Efficient Frequency Domain-based Transformers for High-Quality Image Deblurring

Published 22 Nov 2022 in cs.CV | (2211.12250v1)

Abstract: We present an effective and efficient method that explores the properties of Transformers in the frequency domain for high-quality image deblurring. Our method is motivated by the convolution theorem that the correlation or convolution of two signals in the spatial domain is equivalent to an element-wise product of them in the frequency domain. This inspires us to develop an efficient frequency domain-based self-attention solver (FSAS) to estimate the scaled dot-product attention by an element-wise product operation instead of the matrix multiplication in the spatial domain. In addition, we note that simply using the naive feed-forward network (FFN) in Transformers does not generate good deblurred results. To overcome this problem, we propose a simple yet effective discriminative frequency domain-based FFN (DFFN), where we introduce a gated mechanism in the FFN based on the Joint Photographic Experts Group (JPEG) compression algorithm to discriminatively determine which low- and high-frequency information of the features should be preserved for latent clear image restoration. We formulate the proposed FSAS and DFFN into an asymmetrical network based on an encoder and decoder architecture, where the FSAS is only used in the decoder module for better image deblurring. Experimental results show that the proposed method performs favorably against the state-of-the-art approaches. Code will be available at \url{https://github.com/kkkls/FFTformer}.

Abstract PDF Upgrade to Chat

Citations (88)

View on Semantic Scholar

Summary

The paper introduces a novel frequency-domain transformer approach that replaces matrix multiplications with element-wise products, significantly reducing computational complexity.
It integrates a discriminative feed-forward network that uses a gating mechanism to preserve low- and high-frequency details crucial for restoring image clarity.
Experimental results on datasets like GoPro demonstrate notable improvements in PSNR and SSIM over state-of-the-art methods, even with fewer model parameters.

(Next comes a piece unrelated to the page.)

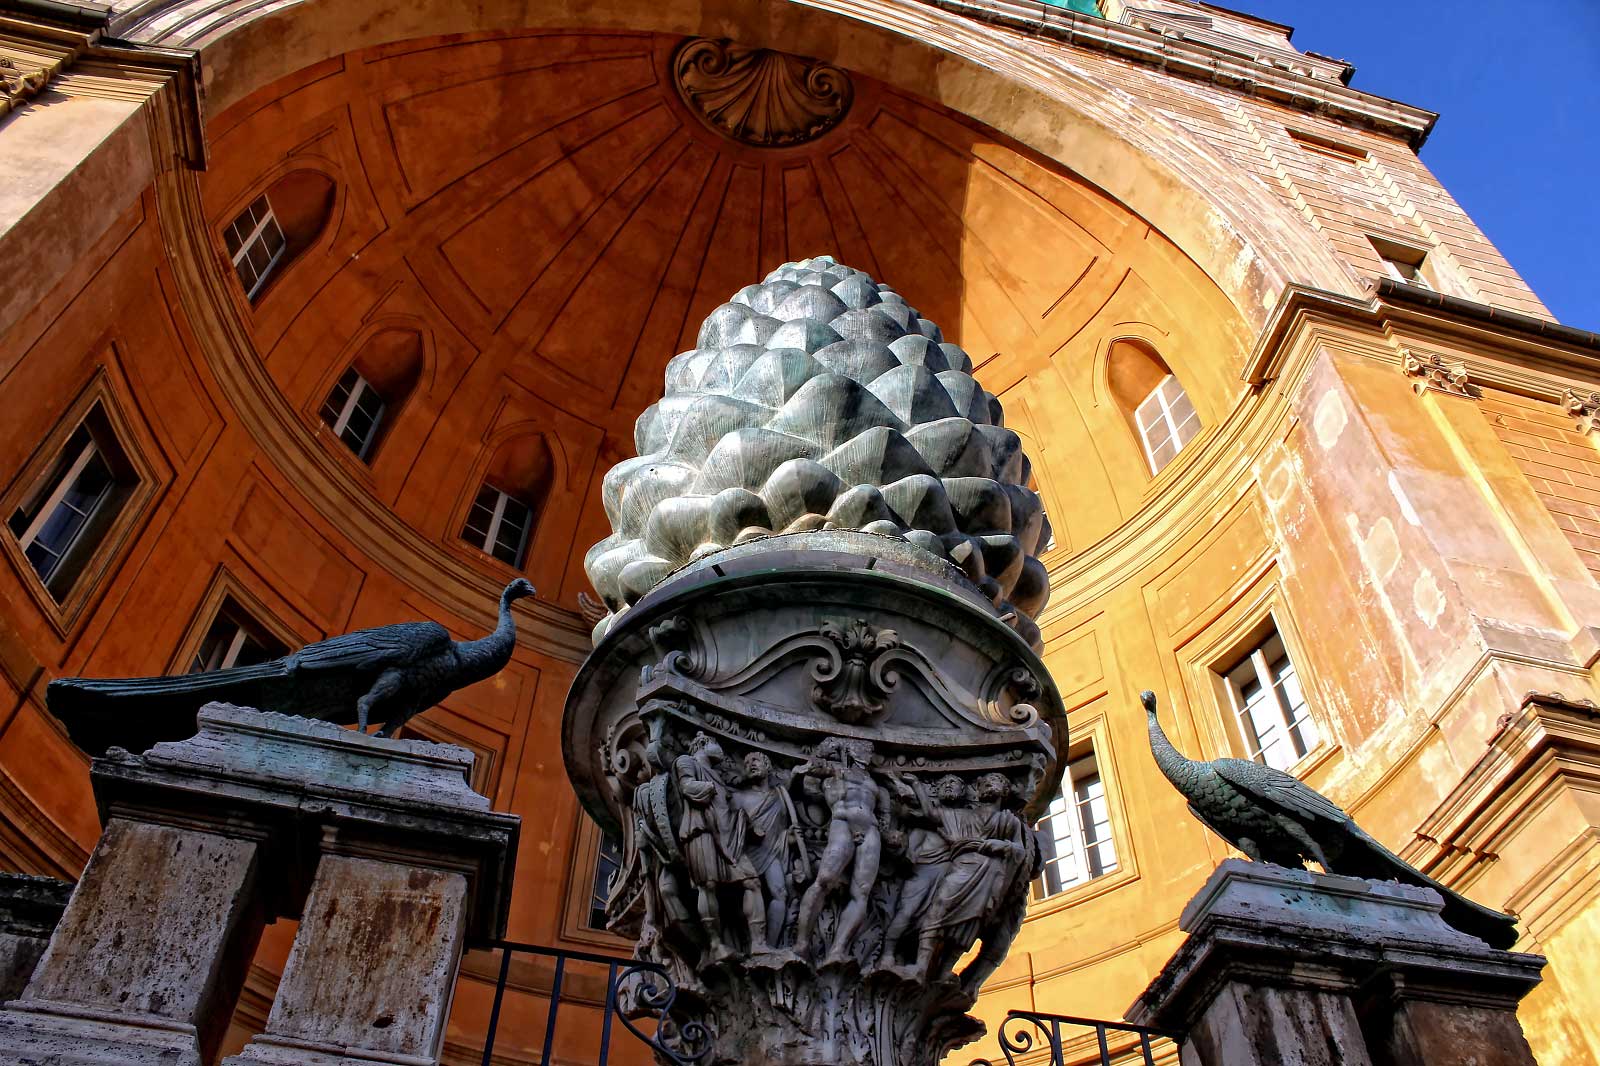 Visitez la Cour de Pigne, une oasis au sein des Musées du Vatican où vous pourrez trouver cette sculpture symbolique datant de l’Antiquité qui lui a donné son nom.

Efficient Frequency Domain-based Transformers for High-Quality Image Deblurring

The paper "Efficient Frequency Domain-based Transformers for High-Quality Image Deblurring" introduces a novel approach that leverages the properties of transformers in the frequency domain for the task of image deblurring. The research presents a significant advancement in reducing the complexity and increasing the efficiency of transformer models for this particular application.

The authors address key limitations in existing image deblurring methods, which predominantly rely on deep convolutional neural networks (CNNs). These methods often face challenges in modeling spatially variant properties of image contents due to the spatially invariant nature of convolution operations. Even though transformer models have shown promise by modeling global contexts through attention mechanisms, their high computational cost has been a barrier.

Central to this work is the use of the convolution theorem, which states that the convolution of two signals in the spatial domain corresponds to a point-wise multiplication in the frequency domain. This property is exploited to develop an efficient Frequency Domain-based Self-Attention Solver (FSAS) that replaces the conventional matrix multiplication required for attention computation with an element-wise product operation in the frequency domain. Consequently, this approach reduces the space and time complexity significantly when dealing with the attention mechanism, specifically to $O(N)$ spatial and $O(N\log N)$ in the frequency domain per feature channel, where $N$ is the number of pixels.

Furthermore, the study presents a discriminative frequency domain-based Feed Forward Network (DFFN), which builds on the JPEG compression algorithm. DFFN incorporates a gating mechanism to preserve relevant low- and high-frequency information crucial for deblurring, thus enhancing the quality of the restored image.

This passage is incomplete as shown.